Copy the data below exactly, but not the pictures it contains.

● DATA SEGMENT:
++++

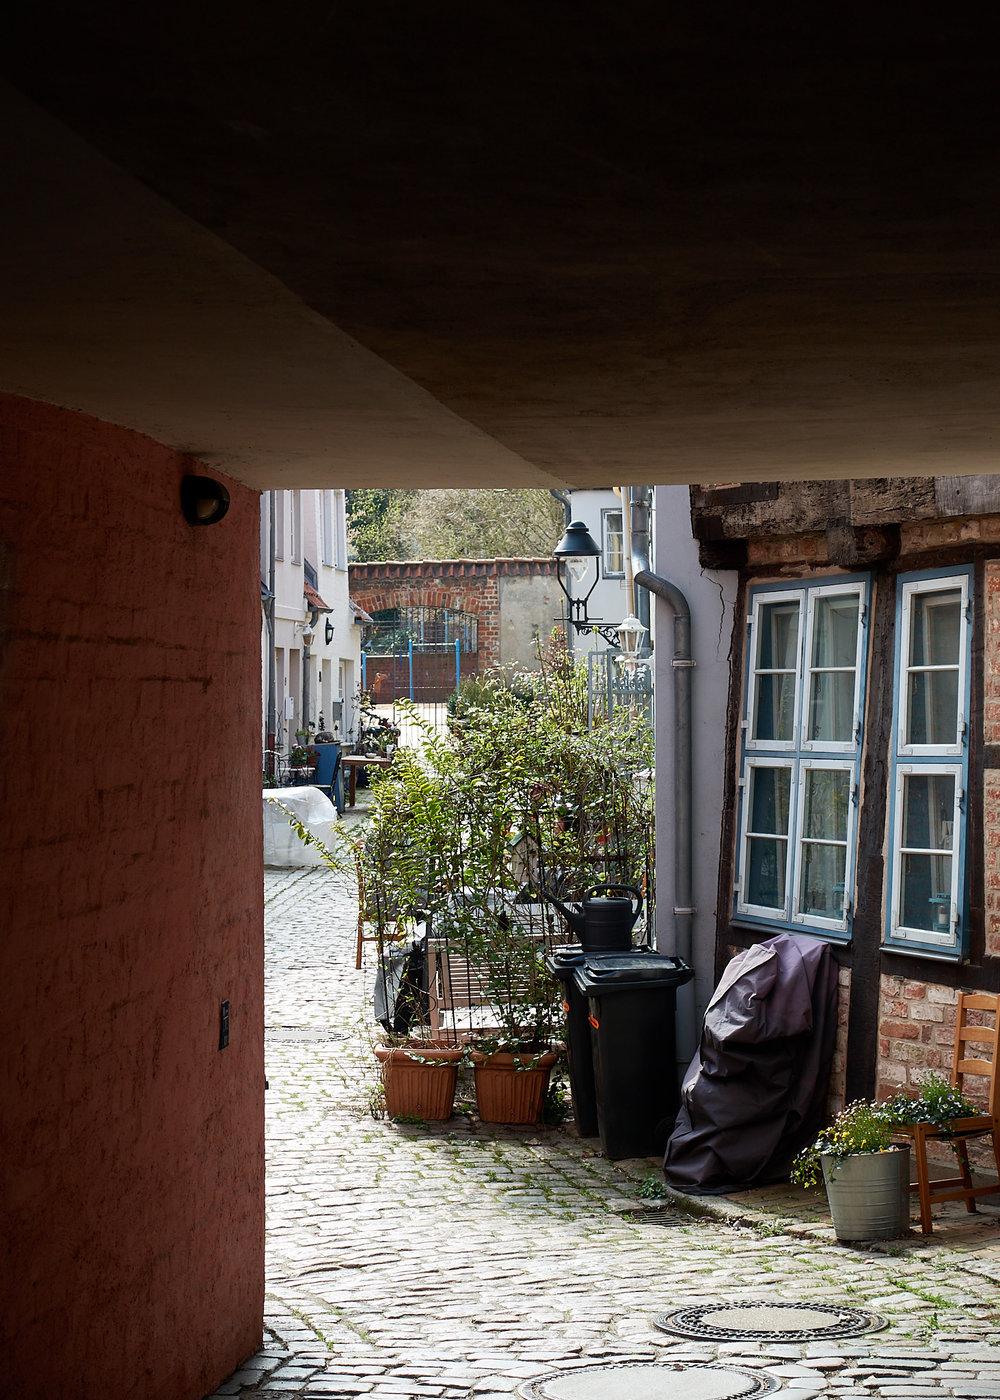 20190330-Lübeck-282.jpg
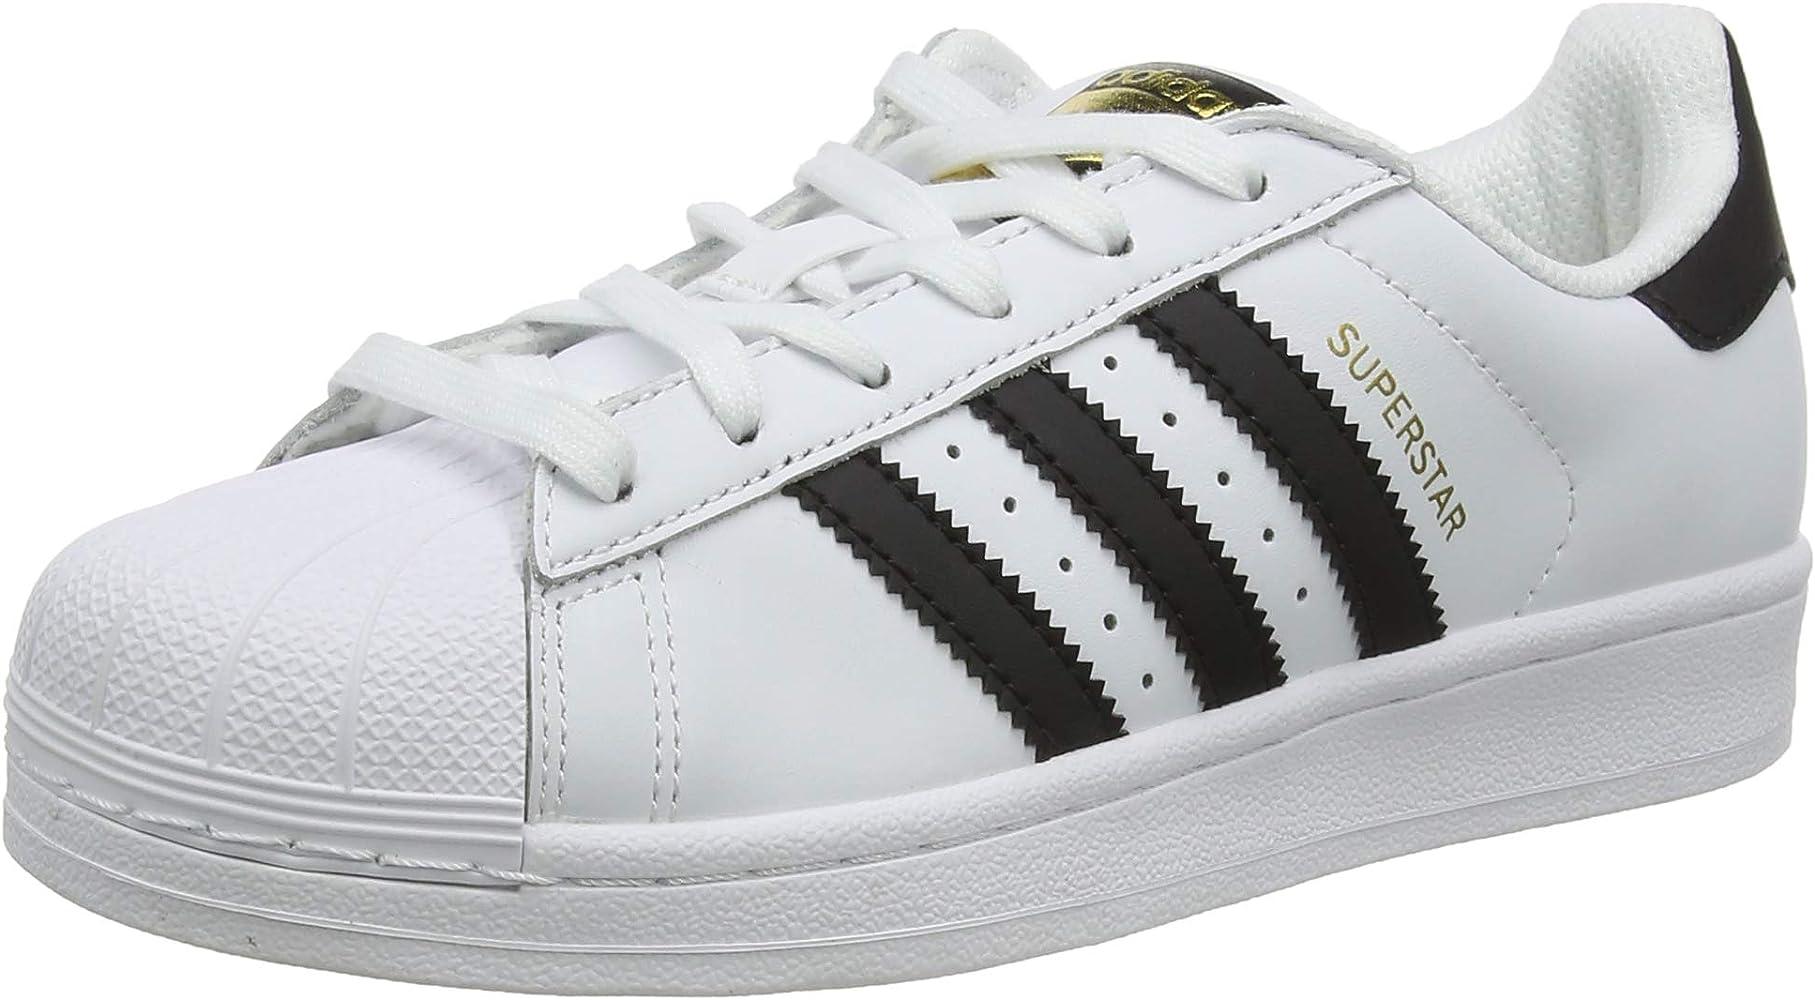 adidas Originals Men's Superstar White
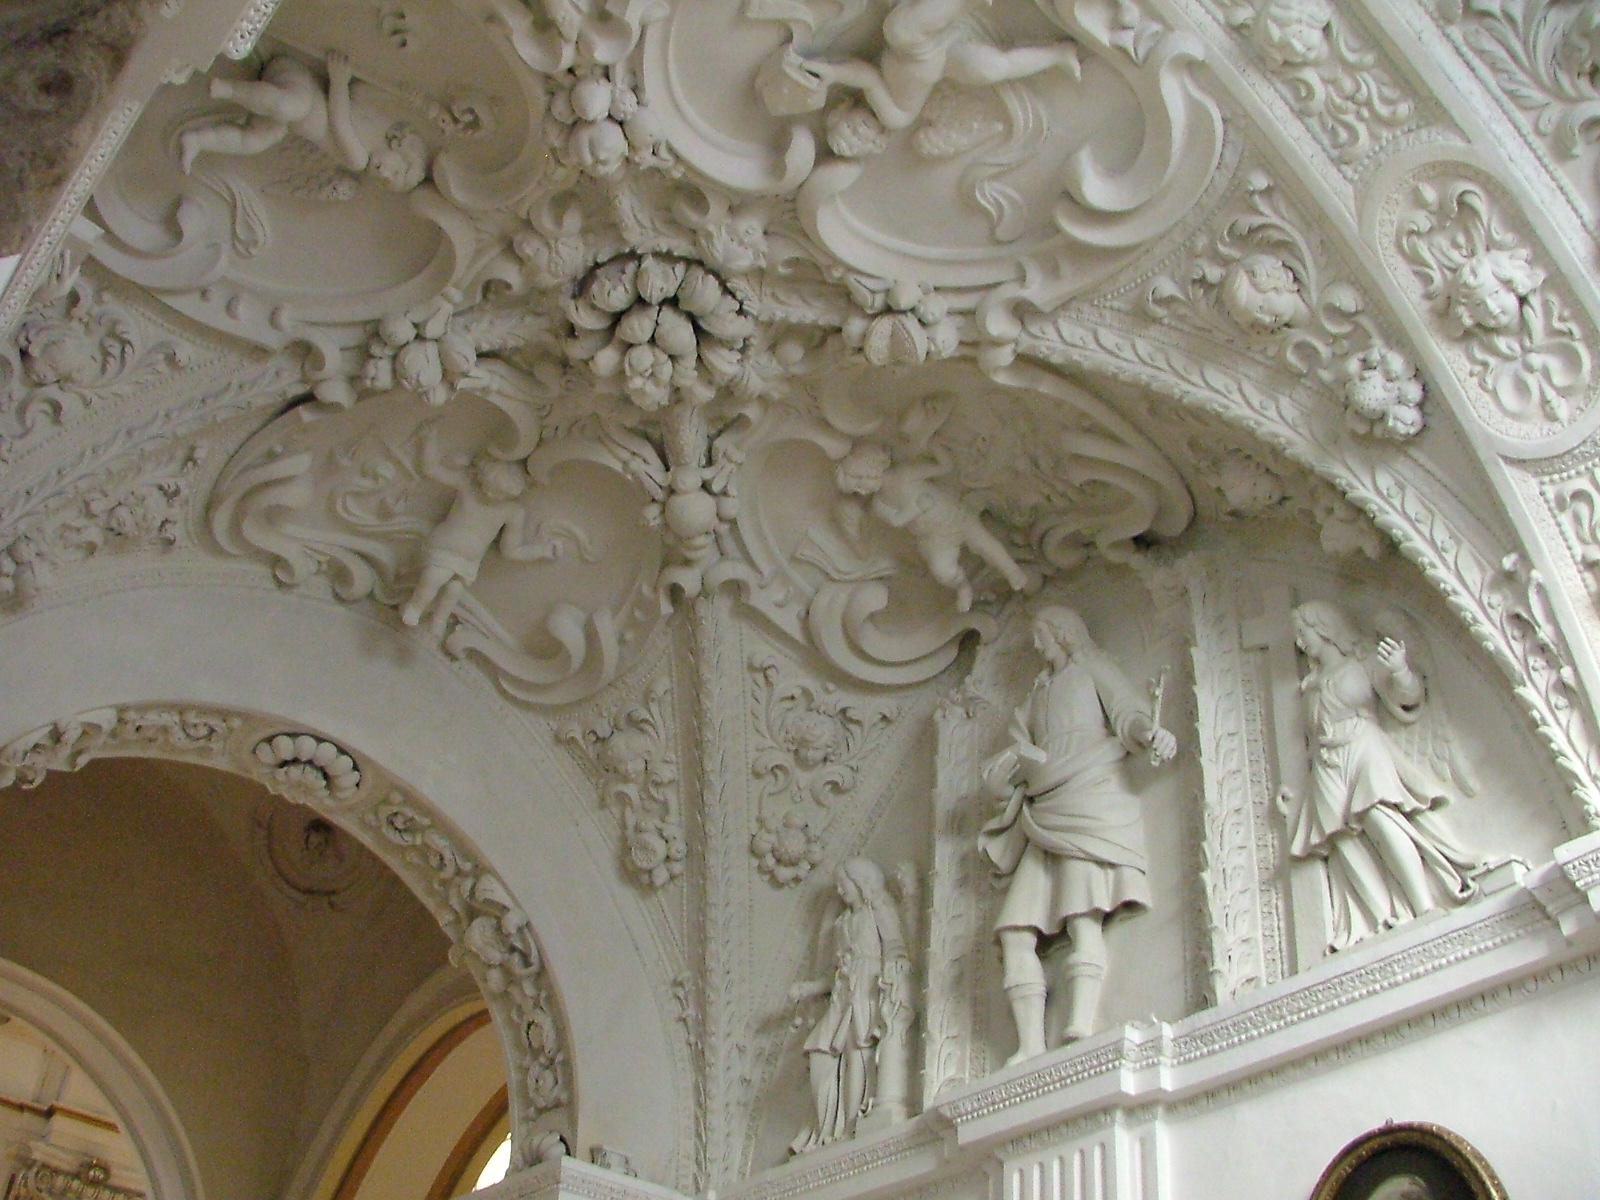 File:Cattedrale - stucchi settecenteschi.JPG - Wikimedia Commons

++++

● ANSWER TO THIS TASK:
 20190330-Lübeck-282.jpg
 adidas Originals Men's Superstar White
 File:Cattedrale - stucchi settecenteschi.JPG - Wikimedia Commons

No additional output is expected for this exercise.